Tel Aviv LGBT film festival targeted by anti-Israel boycotters

Several participants pull out of cultural event after activists urge boycott of Israeli government.

TLVFest 2017 (photo credit: FACEBOOK)
TLVFest 2017
(photo credit: FACEBOOK)
The upcoming LGBT film festival in Tel Aviv has been hit by an unprecedented wave of cancellations, after BDS activists targeted its participants.
While TLVFest has been around for more than a decade, it has never faced a campaign this successful against it.
“I think they just did a very good job this year, the pinkwashing people, as they call themselves,” said festival director Yair Hochner. “But the most important guests are still coming, the famous ones – and that’s what is important.”
The central boycott effort appears to be spearheaded by Pinkwashing Israel, a group that claims that TLVFest “promotes the cynical use of gay rights – known as pinkwashing – to distract from and normalize Israeli occupation, settler colonialism and apartheid.”
Hochner said the group “contacts all the filmmakers and all our guests personally, but the majority of them didn’t care, because they know the festival and they know our message.”
Nevertheless, several participants have pulled out of the festival, citing pressure from the Boycott, Divestment and Sanctions activists.
South African director John Trengove, whose film The Wound is set to be the festival’s opening-night production, told organizers last week that he could no longer participate.
“It is impossible to look past the fact that the festival [and my participation in it] could serve as a diversion from the human rights violations being committed by the State of Israel,” Trengove wrote.
He apologized for the last-minute notification, and said it was not a personal attack on the festival but was “motivated by realization of what deeply personal and political convictions require of me.”
While Trengove asked the organizers to pull his film as well, they said they had already paid for the rights and would be going ahead with the screening on the film’s opening night, June 1, at the Tel Aviv Cinematheque.
Many of the participants who had second thoughts cited their concerns with the festival being partly sponsored by the government through the Culture and Sport Ministry.
Despite the shake-up, festival organizers promised “to continue to bring LGBT programming from around the world, and to continue to promote tolerance and pluralism in Israel through culture.”
The festival’s jury is made up of filmmakers and activists from around the world, including two Palestinian Israelis, Samira Saraya and Maysaloun Hamoud.

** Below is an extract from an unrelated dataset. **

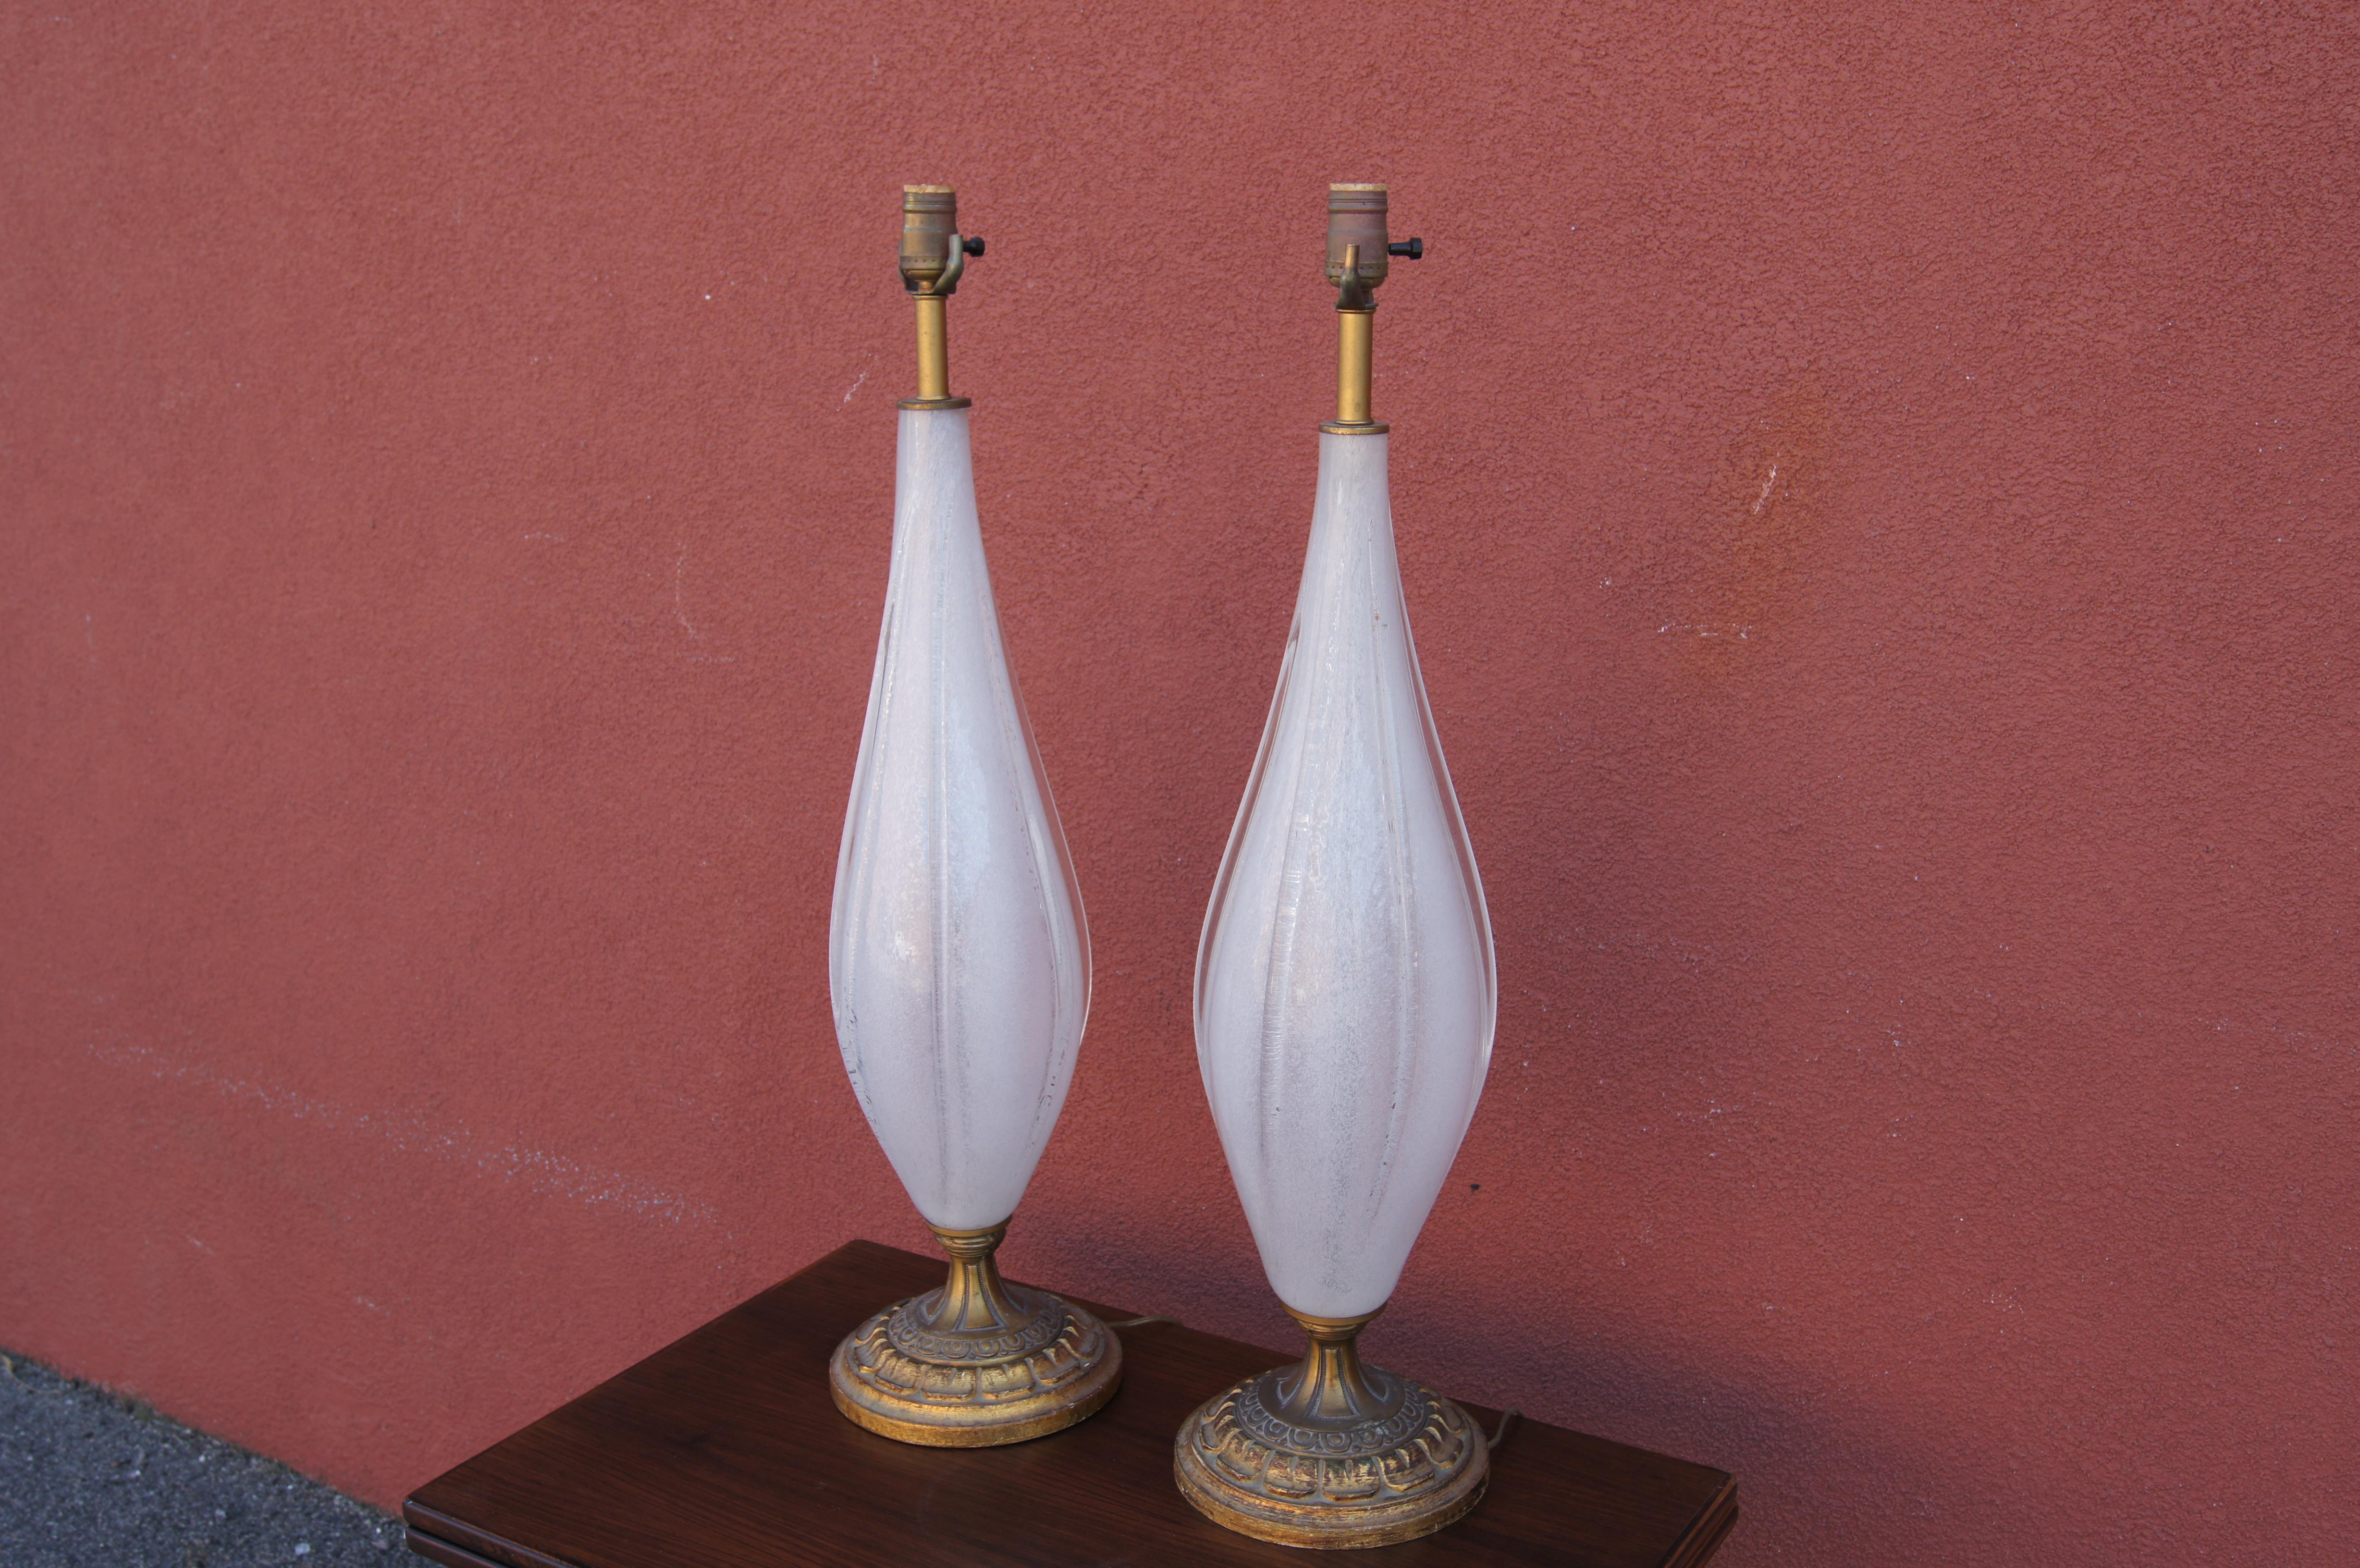 Dieses schlanke Paar italienischer Tischlampen besteht aus mundgeblasenen weißen Muranoglastropfen auf geschnitzten, goldfarbenen Holzsockeln.

Verkauft ohne Schirme.

But Fawzia Mirza, a Pakistani-Canadian actress and filmmaker, who was also scheduled to be a jurist and appear on a panel, canceled her participation in the festival, citing her identity as a “Muslim queer person.”
Mirza’s film, Signature Move, which features a lesbian relationship between a Pakistani American and a Mexican American, will still be screened at the festival.
The producers of the film Chavela also requested their movie be pulled from the show, after pressure from activists. But they noted that their distribution contract would not allow them to cancel the screening.
Other filmmakers and participants were convinced by TLVFest organizers to remain in the festival, after they contacted them with concerns.
Hochner told The Jerusalem Post that while he knows many of the activists with the Pinkwashing Israel group, particularly those who live in Tel Aviv, he has no interest in engaging with them.
“Some of them are Israelis that live in Tel Aviv and... they are total hypocrites,” he said. “I know a lot of them, and I’m not going to negotiate with them or try to talk to them – just like I can’t speak with people who support the occupation or throwing Palestinians out of Israel – it’s people that you can’t talk with.”
But Hochner says the VIPs – like US actress Mink Stole, transgender model Gigi Gorgeous and some of the most prominent drag queens around, including Peaches Christ, Gloria Viagra and Sherry Vine – will still be coming.
“This is what people are really looking forward to,” he said, “and we are very happy to have them here.”
Yesh Atid MK Yael German said those calling for a boycott of the festival are proof BDS is a “racist movement motivated by hatred and incitement."
“It is inconceivable that an important global issue such as LGBT rights and the promotion of LGBT laws would become a political bullying tool for BDS,” German said.
“The gay film festival in Tel Aviv is a symbol of equality, human rights and gender tolerance, and that is precisely what the BDS movement is choosing to hurt!” Evan Cohen, the head of the Likud Pride group, said it is “ridiculous that BDS is calling to boycott the gay film festival in the only country in the Middle East that even acknowledges the LGBT community as people that shouldn’t be imprisoned, or even killed. The hideous hypocrisy of those who hate Israel knows no bounds.”
The festival is part of Tel Aviv’s Pride Week celebrations, which will be capped off by the annual Gay Pride Parade in the city on June 9.
“I hope people will come to the festival and make us stronger and support us,” Hochner said. “We really need it, especially now, especially this year, to show Pinkwashing [Israel] that they failed with their mission.”
Organizers for the festival said the BDS targeting has caused “a severe upheaval and a threat to the existence of the LGBT film festival. From the day we were established, the festival has been a platform for the culture and films of the LGBT community and has dealt with the Israeli and Palestinian experience.”